Any forward-looking statements are based upon our historical performance and on our current plans, estimates and expectations. The inclusion of this forward-looking information should not be regarded as a representation by us that the future plans, estimates or expectations will be achieved. Such forward-looking statements are subject to various risks and uncertainties and assumptions. A number of important factors could cause our actual results or performance to differ materially from those indicated by such forward looking statements, including: the loss, reduction or change in terms of any of our primary contracts; the availability of government funding for our products and services both domestically and internationally; changes in government and customer priorities and requirements (including cost-cutting initiatives, the potential deferral of awards, terminations or reduction of expenditures to respond to the priorities of congress and the administration, or budgetary cuts resulting from congressional committee recommendations or automatic sequestration under the Budget Control Act of 2011); the risk that the anticipated benefits and synergies from the strategic combination of the Company and GeoEye, Inc. cannot be fully realized or may take longer to realize than expected; adjustments to the fair value of certain of the Company's assets and liabilities, including estimates made in connection with the strategic combination of the Company and GeoEye, Inc.; the outcome of pending or threatened litigation; the loss or impairment of our satellites; delays in the construction and launch of any of our satellites; delays in implementation of planned ground system and infrastructure enhancements; loss or damage to the content contained in our imagery archives; interruption or failure of our ground system and other infrastructure, decrease in demand for our imagery products and services; increased competition that may reduce our market share or cause us to lower our prices; our failure to obtain or maintain required regulatory approvals and licenses; changes in U.S. foreign law or regulation that may limit our ability to distribute our imagery products and services; the costs associated with being a public company and other important factors, all as described more fully in our filings with the Securities and Exchange Commission, including our Annual Report on Form 10-K.

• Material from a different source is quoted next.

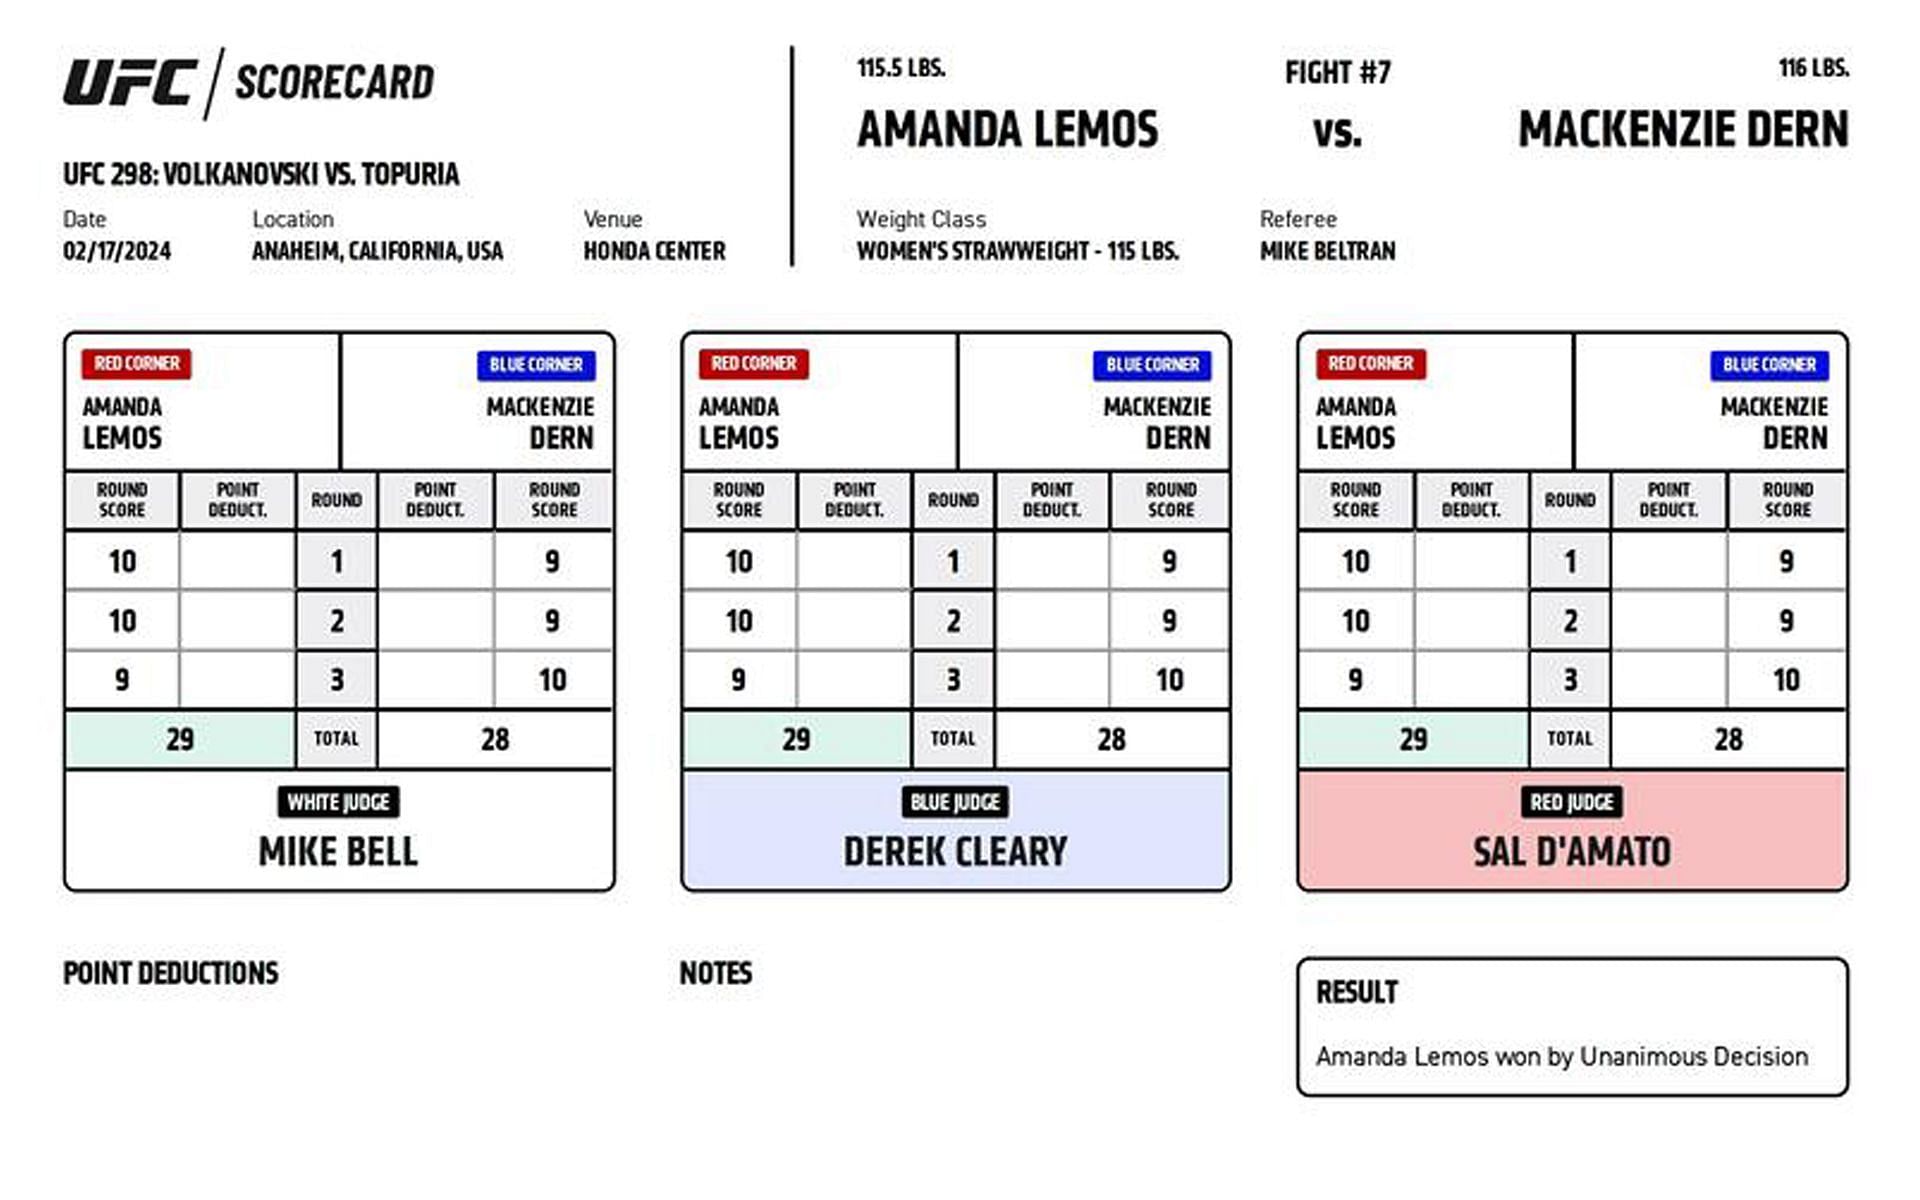 Amanda Lemos def. Mackenzie Dern via unanimous decision (29-28 X 3)
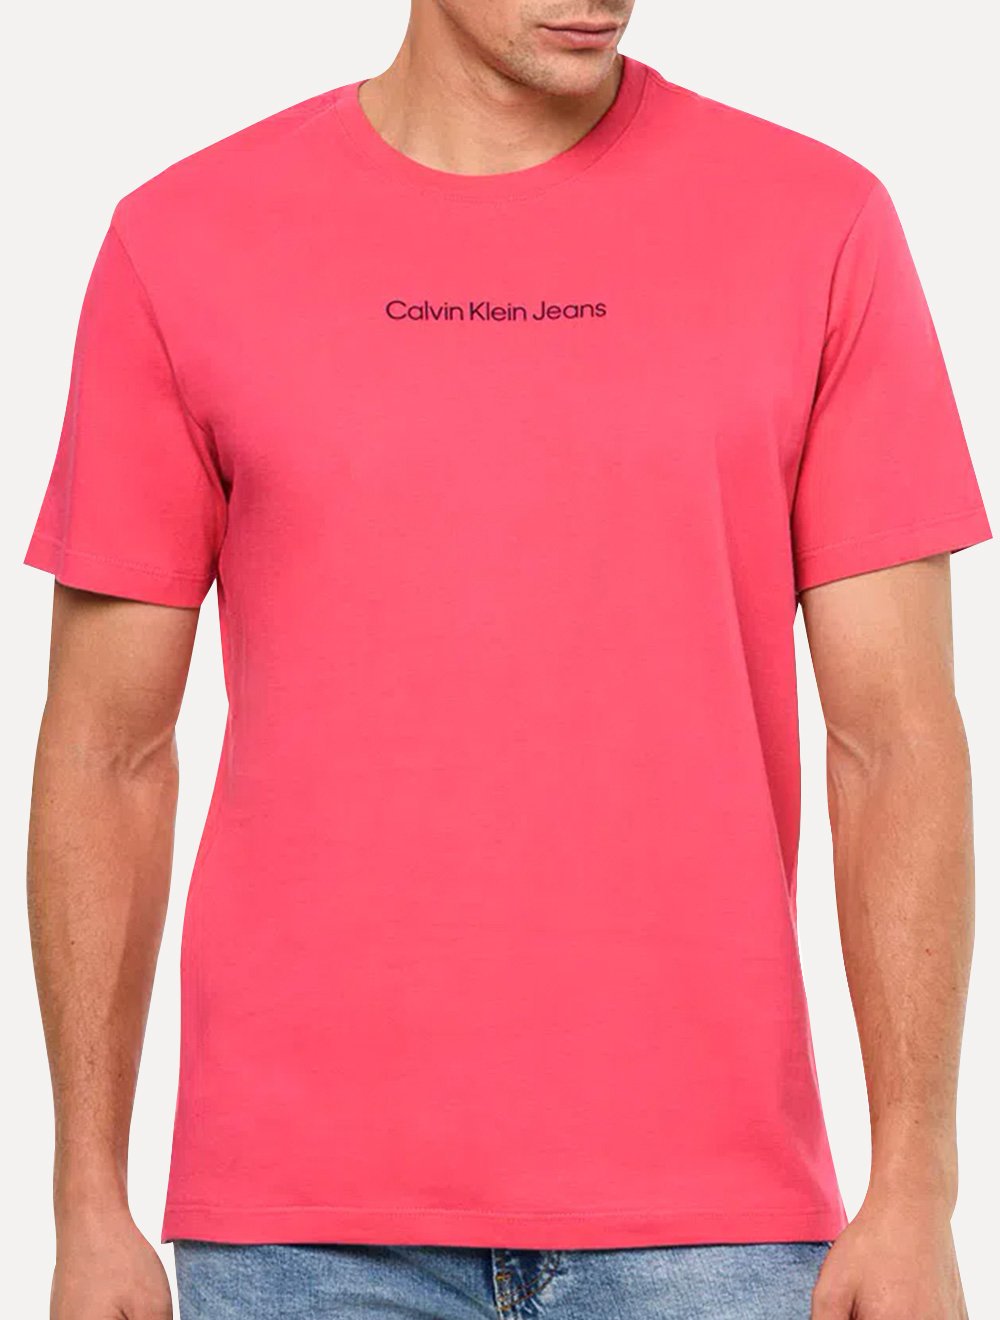 Camiseta Calvin Klein Jeans Masculina Institutional New Logo Rosa

We undertake no obligation to update any forward-looking statement to reflect events or circumstances after the date on which the statement is made or to reflect the occurrence of unanticipated events. Readers are cautioned not to place undue reliance on any of these forward-looking statements.
Non-U.S. GAAP Financial Measures
EBITDA and Adjusted EBITDA are not recognized terms under generally accepted accounting principles ("U.S. GAAP") and may not be defined similarly by other companies. EBITDA and Adjusted EBITDA should not be considered alternatives to net income as indications of financial performance or as alternatives to cash flow from operations as measures of liquidity. There are limitations to using non-U.S. GAAP financial measures, including the difficulty associated with comparing companies in different industries that use similar performance measures whose calculations may differ from ours.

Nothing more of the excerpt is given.